Dr. Carlotta Miles Speaks About Being “Black in America”

Dr Carlotta Miles Dr. Carlotta Miles Speaks About Being Black in America Photo

Dr. Carlotta Miles

“Black in America 2,” a two-night special introducing America to prominent men and women of color, is a continuation of “Black in America” which debuted on CNN in 2008.

Dr. Carlotta Miles, a child and adolescent psychiatrist and psychoanalyst according to Vitals.com, has lived a life of privilege, yet has also struggled with the obstacle of racism.

“We are the invisible people because we don’t match the stereotype.  The stereotype for black Americans is failure, poverty, failure, victimization and mediocrity.,” Miles explains to the reporter, Soledad O’Brien.

For the past 23 years, Dr. Miles has hosted the annual Tuxedo Ball, to fight this generality and celebrate the success of families like hers that have worked hard for their achievements and defied the limitations that stood in their way.  It is a weekend of socializing and networking for prominent black families across the country.

“These people all had graduate degrees at a time when most people didn’t have college degrees,” she said of family portraits in her “family hall of fame” that date back to 1850s.

GET MORE INFORMATION ON DR. CARLOTTA MILES

 Dr. Carlotta Miles Speaks About Being Black in America Photo

Dr. Carlotta Miles (philadelphiacompact.org)

Comments

  1. Ruth T. Vincent says:

    I think Black people are happy when other Blacks achieve, at least I am.

    Too bad this elite group of Blacks would not have welcomed a young Barack Obama even as a Harvard student into this so called group of invisible people, their Tuxedo Ball or its network of achievers, because he neither had the family background or the money required to part of this upidy group!

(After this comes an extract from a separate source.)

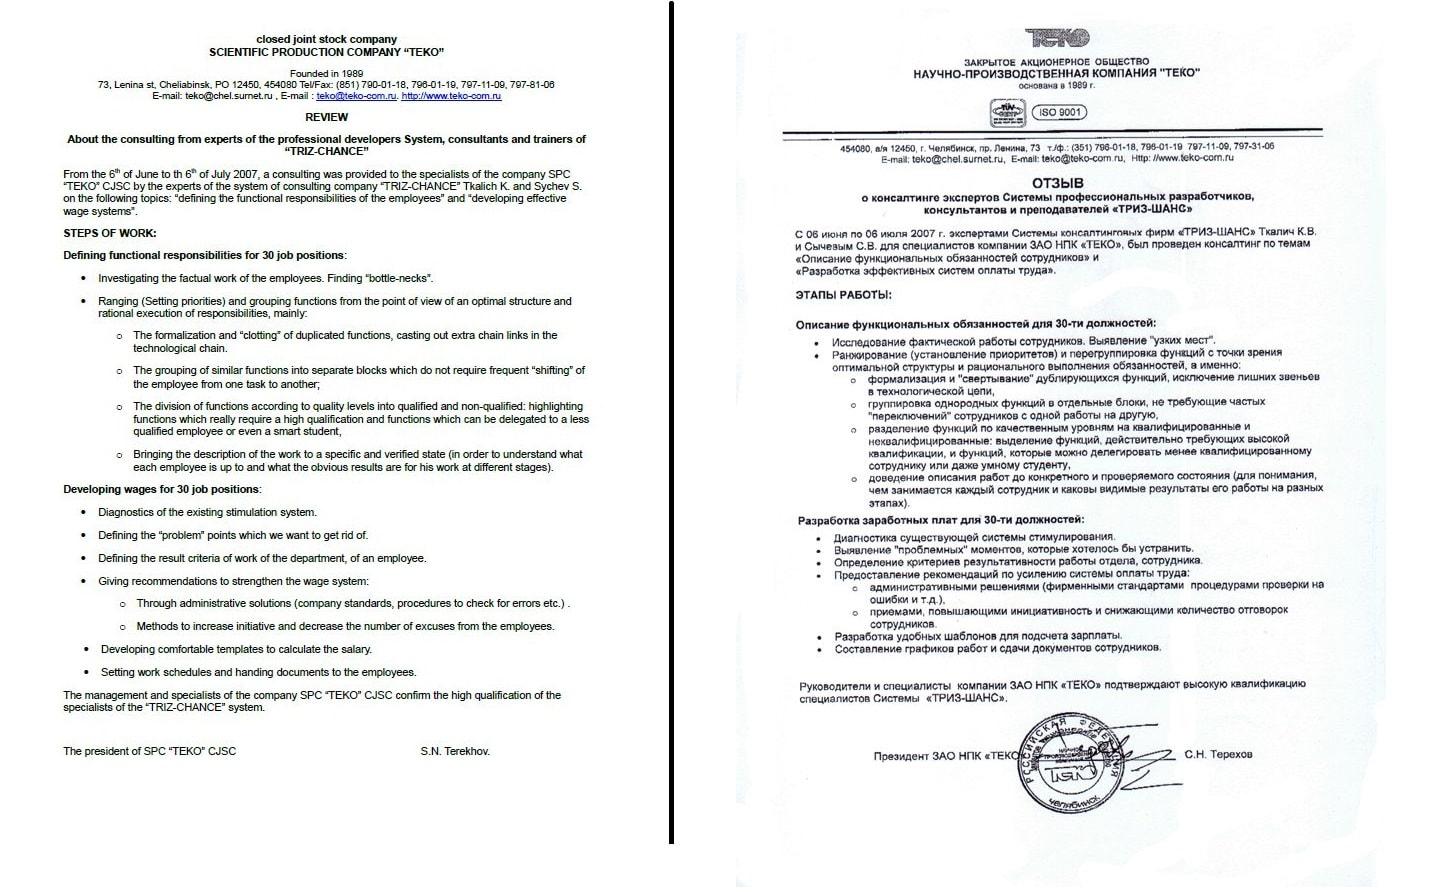 Elaboration of smart salaries - Business website TRIZ-RI
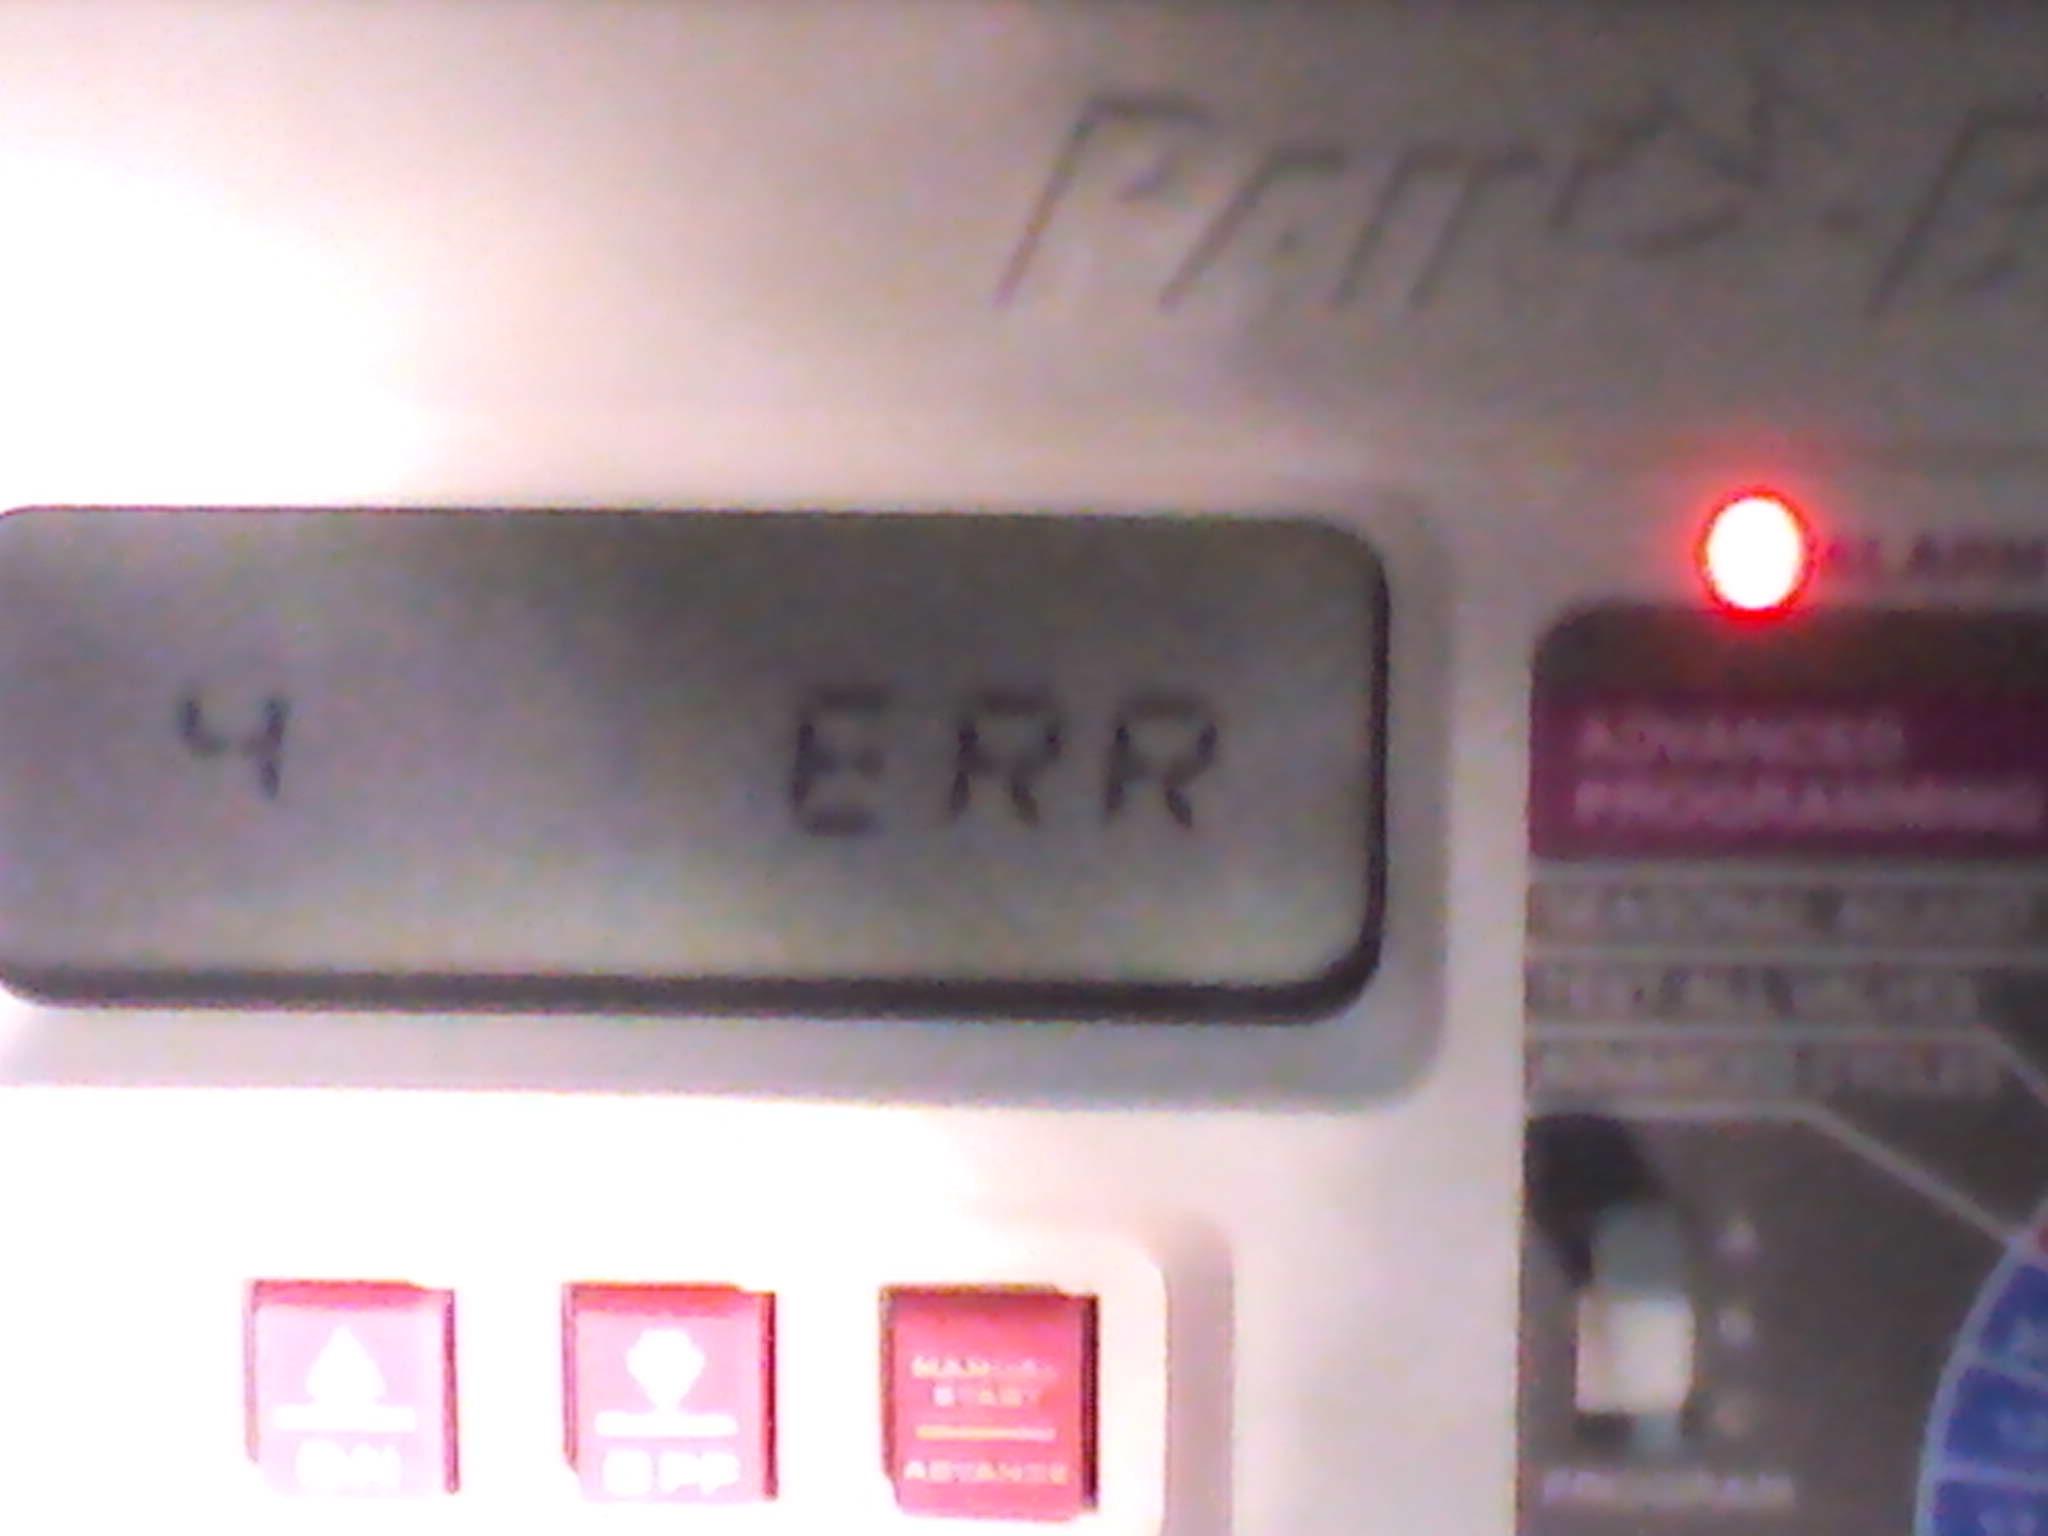 Rainbird Esp Modular Controller Error

  2. No one knows where the next success story will come from in Black America.
    Unfortunately events like the Tuxedo Ball are simply the black version of the “whites only” country clubs that so many upwardly mobile blacks longed to belong to. Calling successful blacks invisible because they don’t fit the stereotype underscores both the class and skin color issues that have plagued the black community since before reconstruction. Unfortunately Mr. Obama’s candidacy and ultimate ascension to the Presidency has simply underscored the sad fact that some in the community seek strife rather than unity, elitism rather than community. It is one thing to be proud of your achievements and another to relegate others to the back of the bus because of them.

  3. Fidele Ayissi says:

    I agree….personally I can say that being from Cameroon West African, I would never have know about this side of the world had it not be for Dr. Niles and her beautiful mother they give us (Mom, sister and brother) a chance to come to America and be able to sit at someone’s table and be able to talk about being Black in America and everyday I thank God for them and I will forever appreciate her and her family for giving me that voice.

  4. Dr. Carlotta Miles Speaks About Being “Black in America” « Vitals… http://tinyurl.com/yhfynh2

  5. Kevin M. Crawford says:

    I was insulted to find that wealthy blacks actually need to join together to feel as if they are excepted. They gather to give themselves a sense of whiteness the way this was portrayed on CNN. Why aren’t these same people taking this “Tuxedo Ball” and sharing their experiences with those less privledged? Why do wealthy blacks feel that they have to alienate themselves from the less fortunate to feel accomplished? Do blacks that are lower on the finacial scale deserve less of a chance to progress than those who are financially set. Why is this ball for those that have so much…where are they in life that they themselves aren’t aware of people like them. As a person stated before this is segregation of your own…same as whites did blacks and are doing blacks today. All you are doing is making yourself look whiter in black eyes and a wannabe in the eyes of whites. You can never be white, even with your TUXEDO BALL, and your high salaries. What are you to do when you fall and those same lower-class blacks that you alienate become your boss. Or you have taken a loss and you are no longer available to the TUXEDO BALL….will those attendees have your back or will those that were excluded have to help you? Look in the mirror and see yourself for who you are because you have never seen a UHAUL TRUCK following a HURSE!!! You can’t take it with you!!!

  6. Mymail30308 says:

    I think some are missing the point. Those children are not the black “Paris Hiltons” of the world running around buying Gucci. The parents are trying to show them how to be good people by giving back to the community while showing them that they are not the ONLY kid doing well in school etc. ALL children need to know that there is someone out there just like them. If your parents are on drugs, been in jail or you have been molested, you need a support network of kids who have been through the same thing. Why is it so hard to understand that a black kid attending Harvard, Yale, Princton or MIT needs a support network of people just like him? In my mind, it speaks to the closed mindedness of the have-nots, not the haves.